What all the detection research so far has turned up is this: you identify AI via signal clustering, not by looking for single flags. A lone hedging adverb won't give a piece away as machine-made. But put three of those in one paragraph along with a couple of AI's pet words, a tricolon and a participial phrase and you have a cluster. The reader will see it even if he can't put a name to it.

So in practice, going after individual words is a fool's errand. You can excise 'delve' from your writing but keep the participial constructions, the uniform rhythm of the paragraphs and your statements of significance; it makes no difference. The cluster will reconstitute itself with other words. The gremlins are inclined to adapt that way.

Specificity is gremlin repellent

When you let AI have its way, it will default to statistical generality. But put a precise number in a sentence, or a named entity, some hard fact of observation or a specific constraint, and the AI can't simply substitute for it. Take 'Woolworths closed 17 stores in regional Queensland between March and June 2025, citing lease costs above $480 per square metre.' You cannot replace that with 'a major retailer continued to optimise its national footprint' without obviously losing the information.

Be sure to ground your claims in specifics so the gremlins have no place to land. Don't mistake this for a matter of style. It is a structural defence. Specificity yields sentences that could only come from someone with knowledge of the subject. Generic language of significance could be applied to any old thing. Your reader will be making that measurement one way or another, whether they are conscious of it or not.

The gremlin census

If you are in the process of putting together or overhauling a writing protocol, you will want to review the research on high-risk patterns. We are not talking about an exhaustive list of proscribed terms so much as the clusters that give something its statistical fingerprint.

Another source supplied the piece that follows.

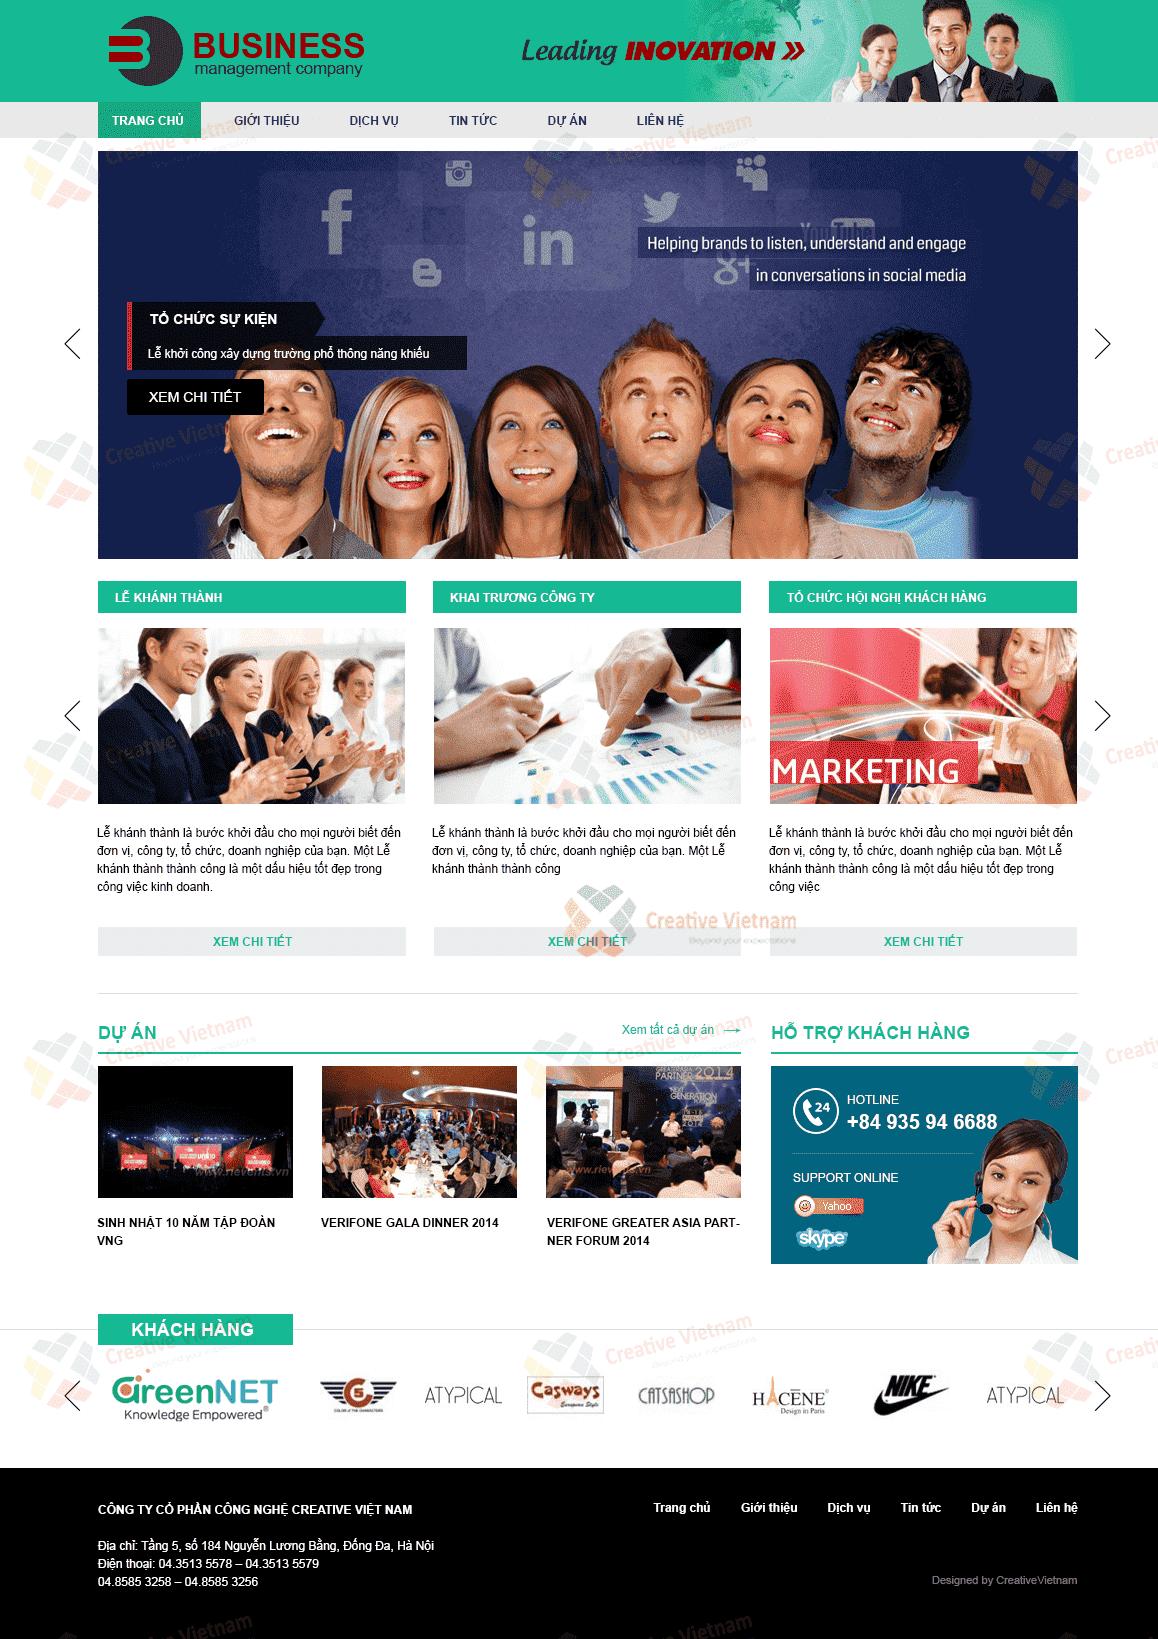 Thiết kế Website công ty Tổ chức sự kiện Business

Take the vocabulary with the most pronounced AI tell: words like delve, tapestry, underscore, showcase and pivotal come to mind, as do intricate, meticulous, realm, bolster, garner and interplay. You will also spot boasts where one might simply say 'has', or where 'navigate' is used in a metaphorical sense. Then there is the matter of empower, unlock, unleash and unprecedented. And for those looking to put a spin on 'is' or 'has', they tend to reach for serves as, stands as, functions as, marks, represents, features or offers.

The structure tells a story too. We see comma-plus-participial constructions and negative parallelism ('not X but Y' and the like). There is a tendency toward unearned profundity in transitions such as 'But here's the thing' or 'The real question is...', along with formulaic ways to end a section and significance statements that lack evidence to support them. Don't forget the reflexive tricolon or the old 'challenges and future prospects' routine.

As for punctuation and formatting, em dashes and an over-reliance on semicolons are red flags, as is unexplained bolding or the use of emoji in a professional setting. At the document level you may find uniform paragraph lengths and openings, even idea density, hedging in clusters and transitions that are just a bit too smooth.

Living with the gremlins

You are not going to eliminate AI patterns entirely when using AI tools. The gremlins are architectural. What you can do is learn what they look like, edit for them specifically and build enough specificity into your output that the clusters cannot form.

The people reading your work are getting better at spotting patterns faster than the models are at hiding them. That asymmetry is the thing to pay attention to.